What is wanted is the full listing, word for word, without its pictures.
[Given information Boundary: Start]
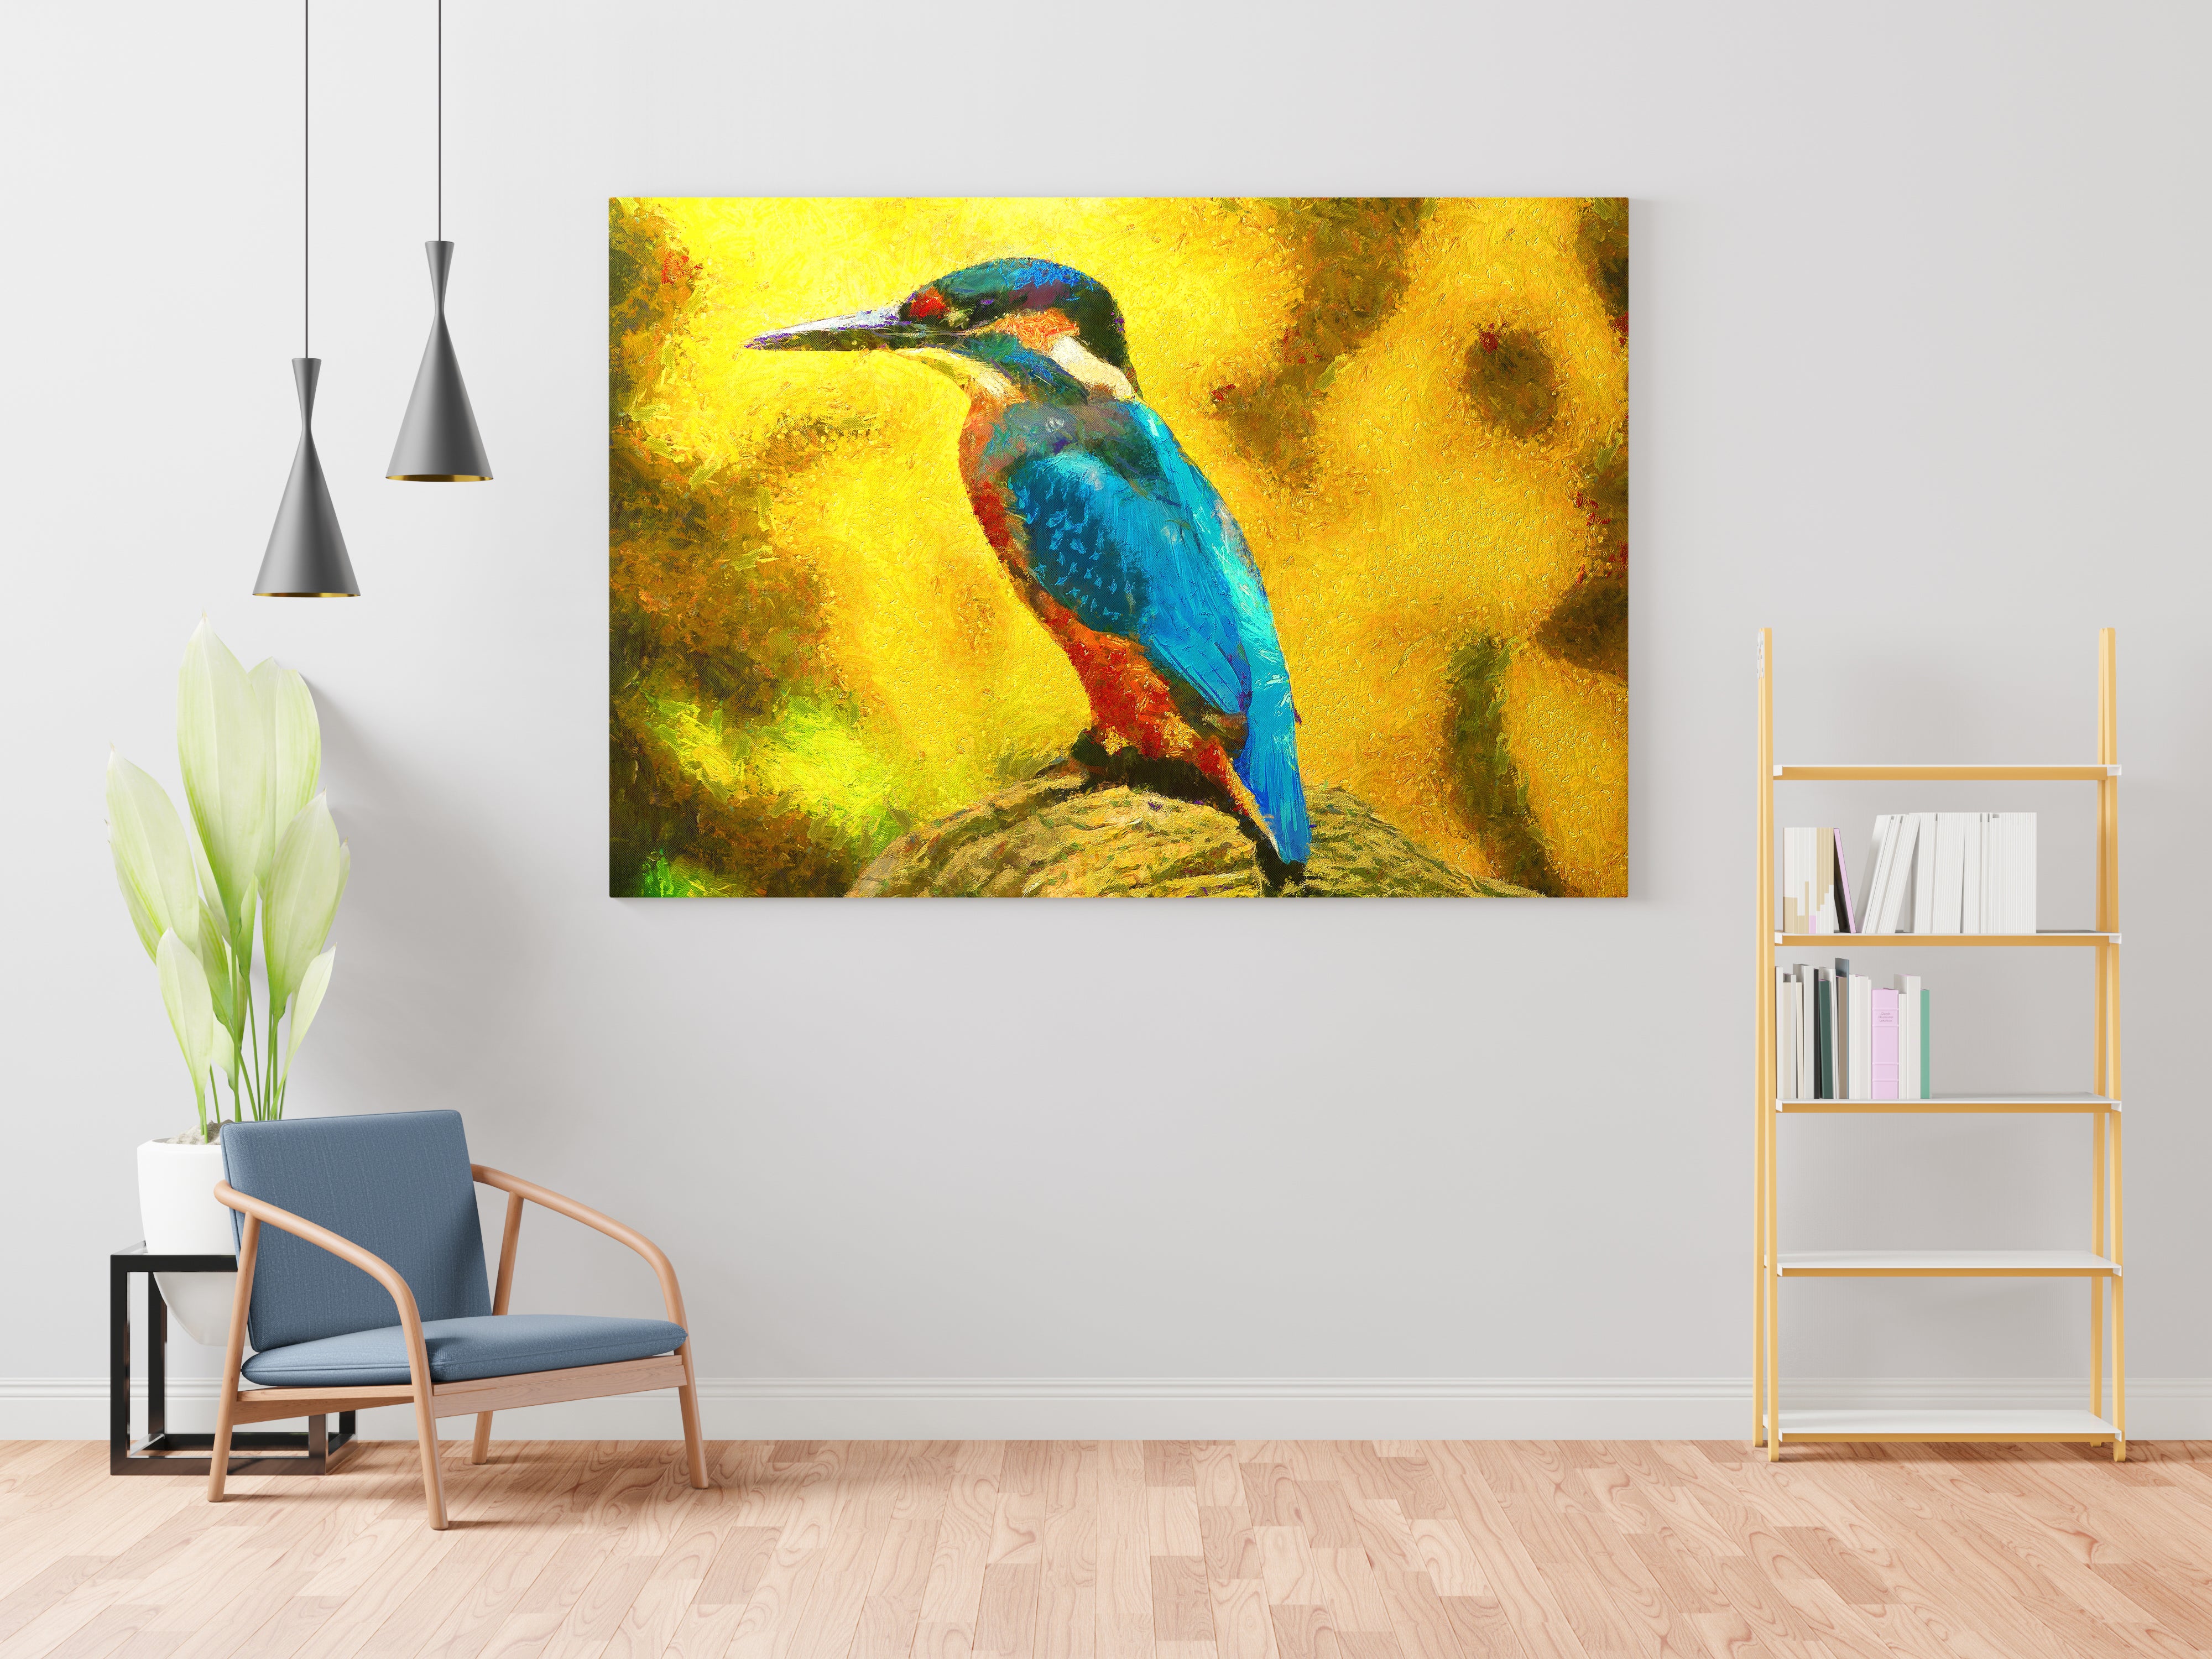 Kingfisher Bird Canvas Wall Painting
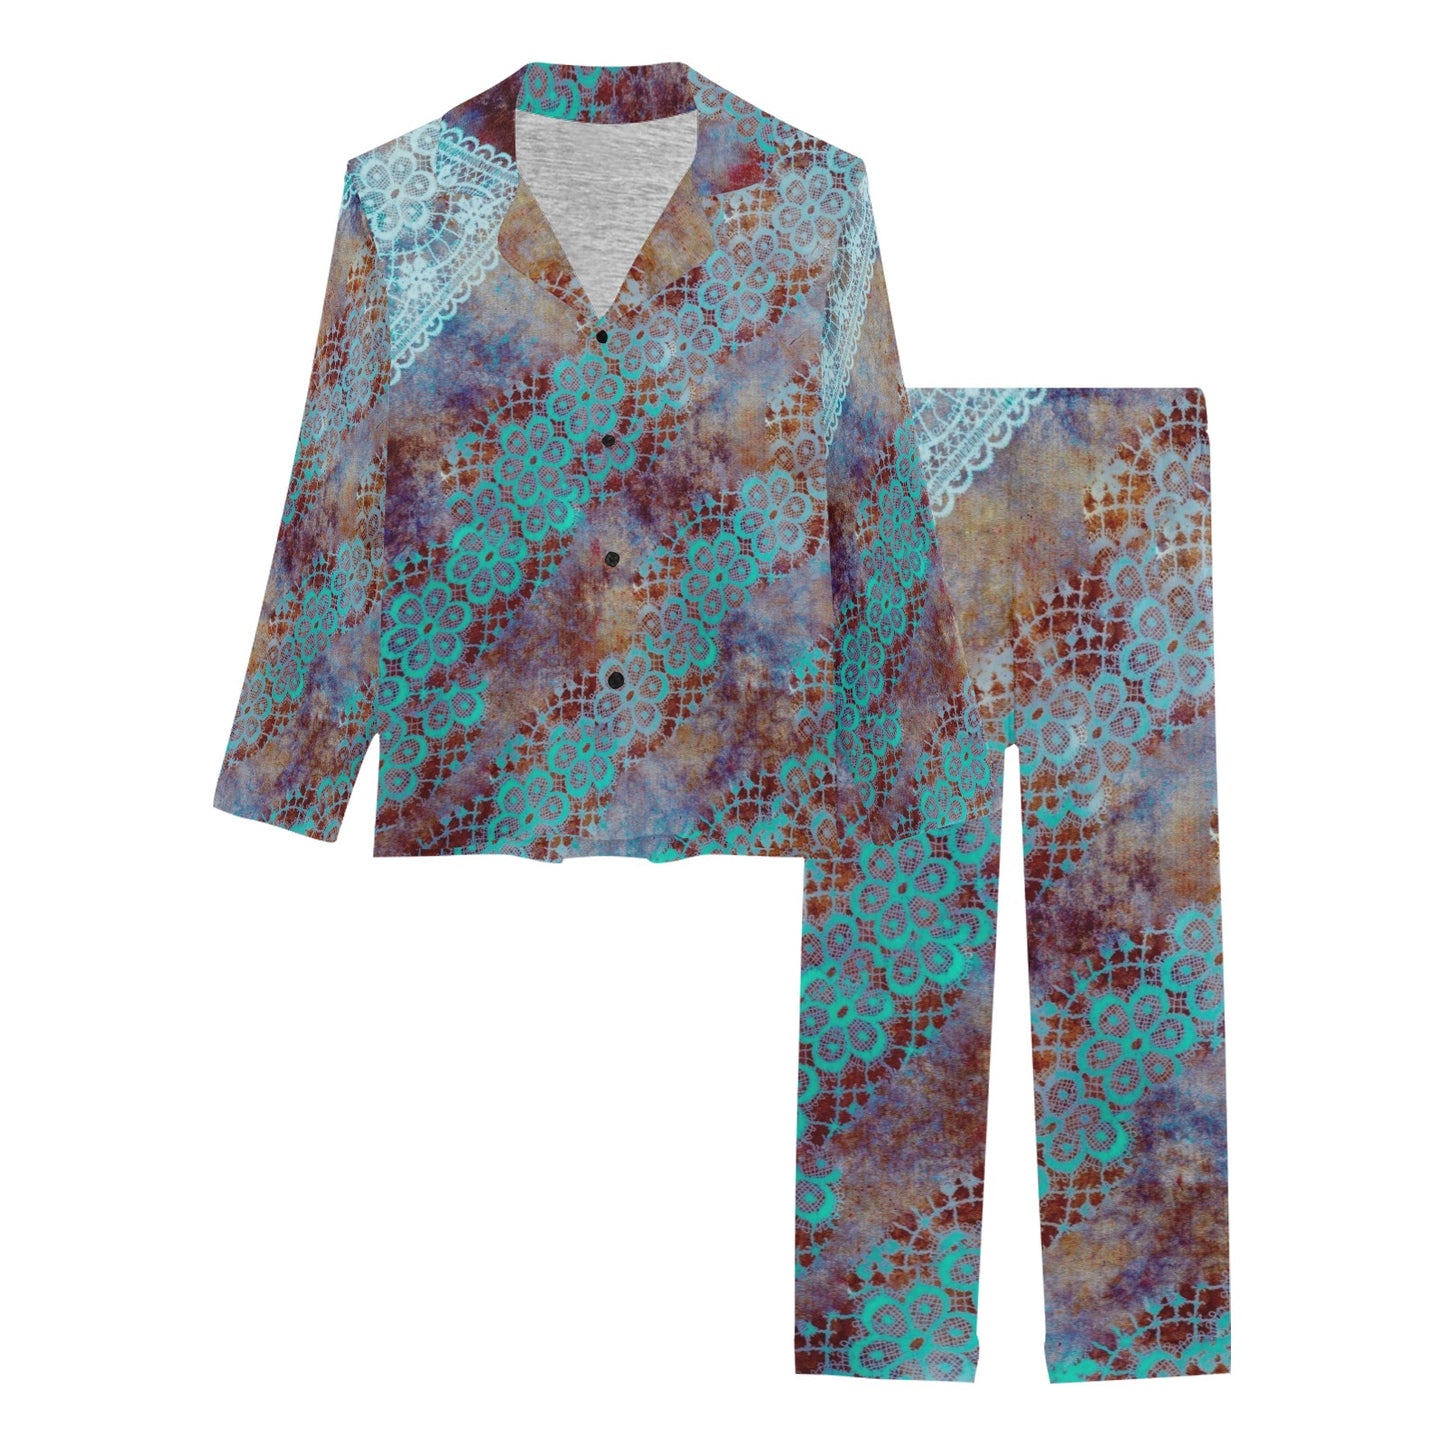 Victorian printed lace pajama set, design 37 Women's Long Pajama Set (Sets 02)
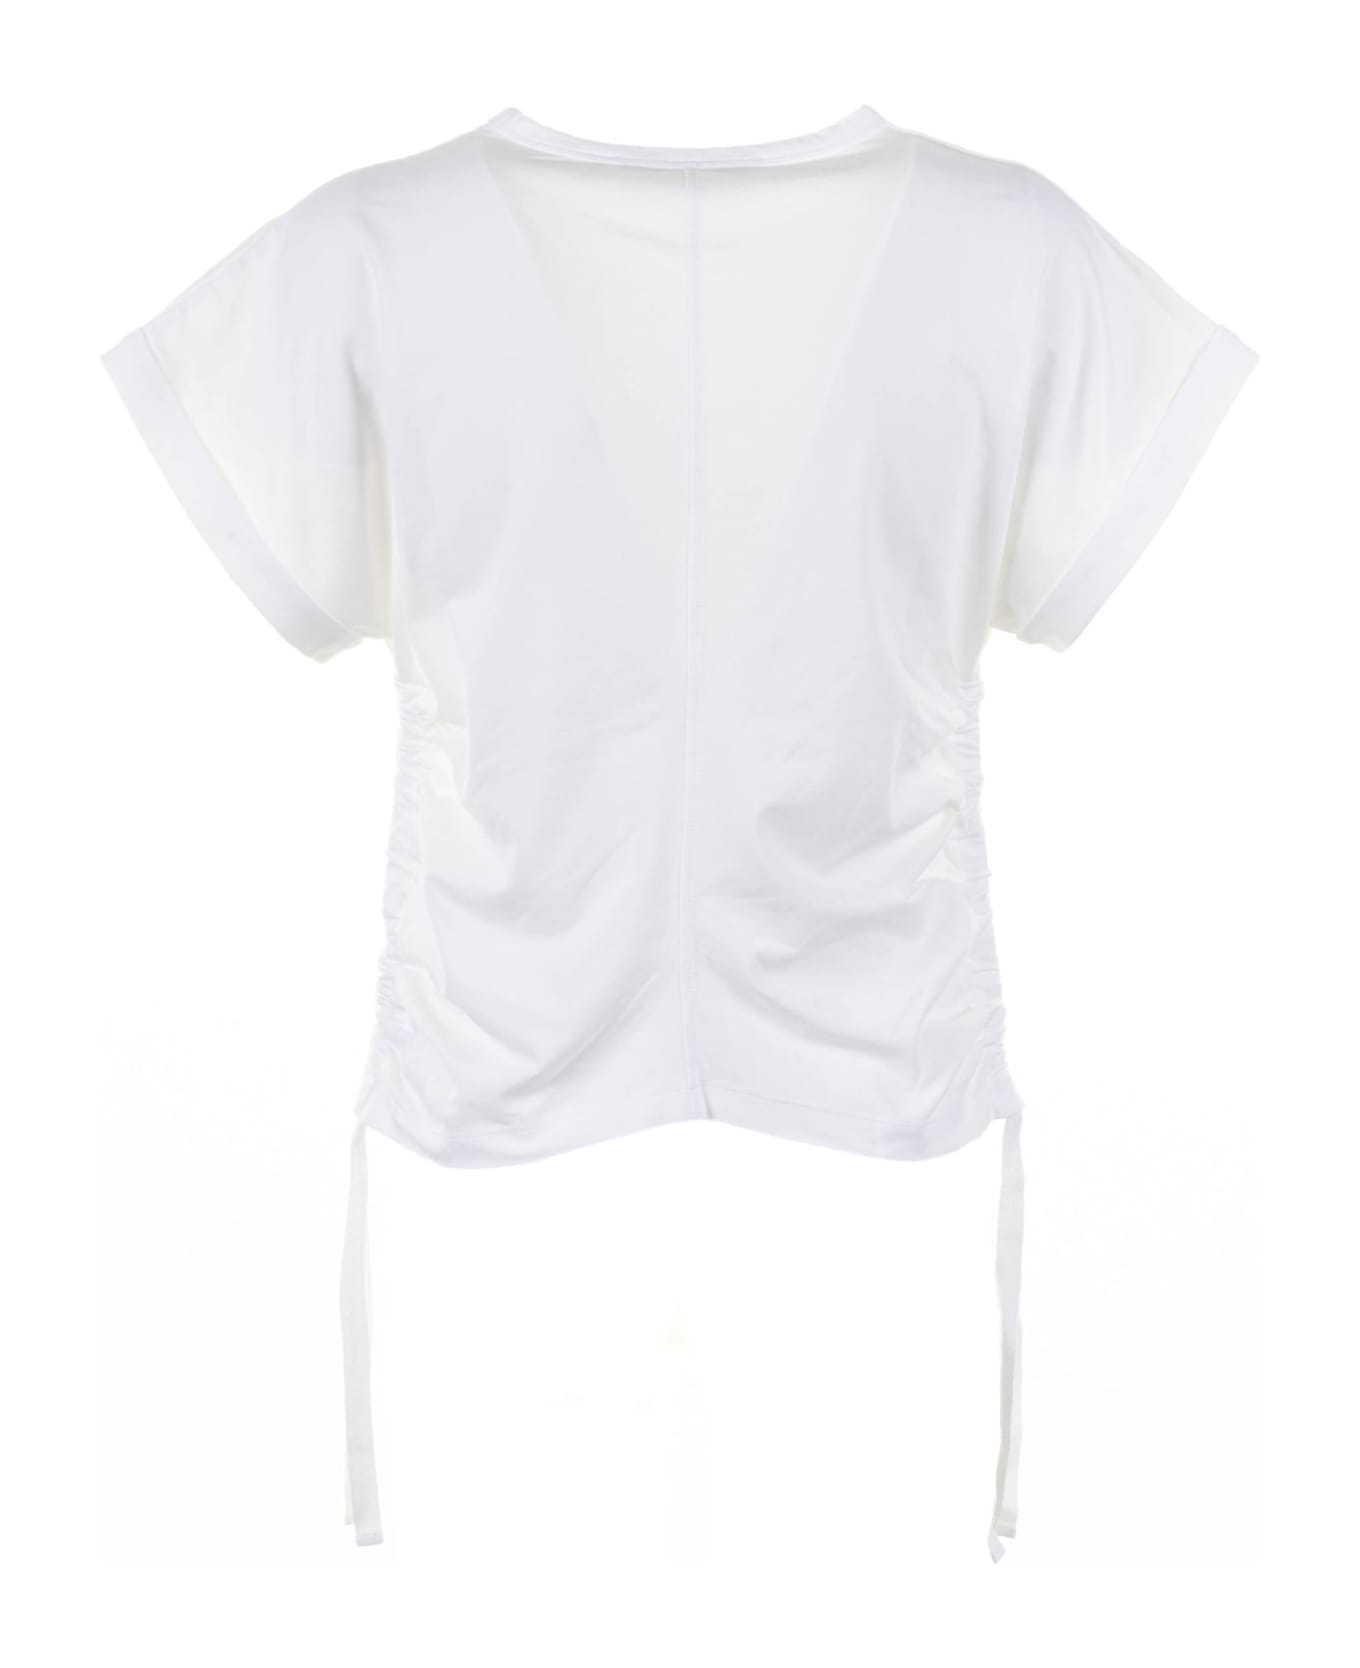 19.70 Nineteen Seventy T-shirt Whit Adjustable Side Gathering - BIANCO Tシャツ
[Given information Boundary: End]
▶ _Task response_
 Kingfisher Bird Canvas Wall Painting
 Victorian printed lace pajama set, design 37 Women's Long Pajama Set (Sets 02)
 19.70 Nineteen Seventy T-shirt Whit Adjustable Side Gathering - BIANCO Tシャツ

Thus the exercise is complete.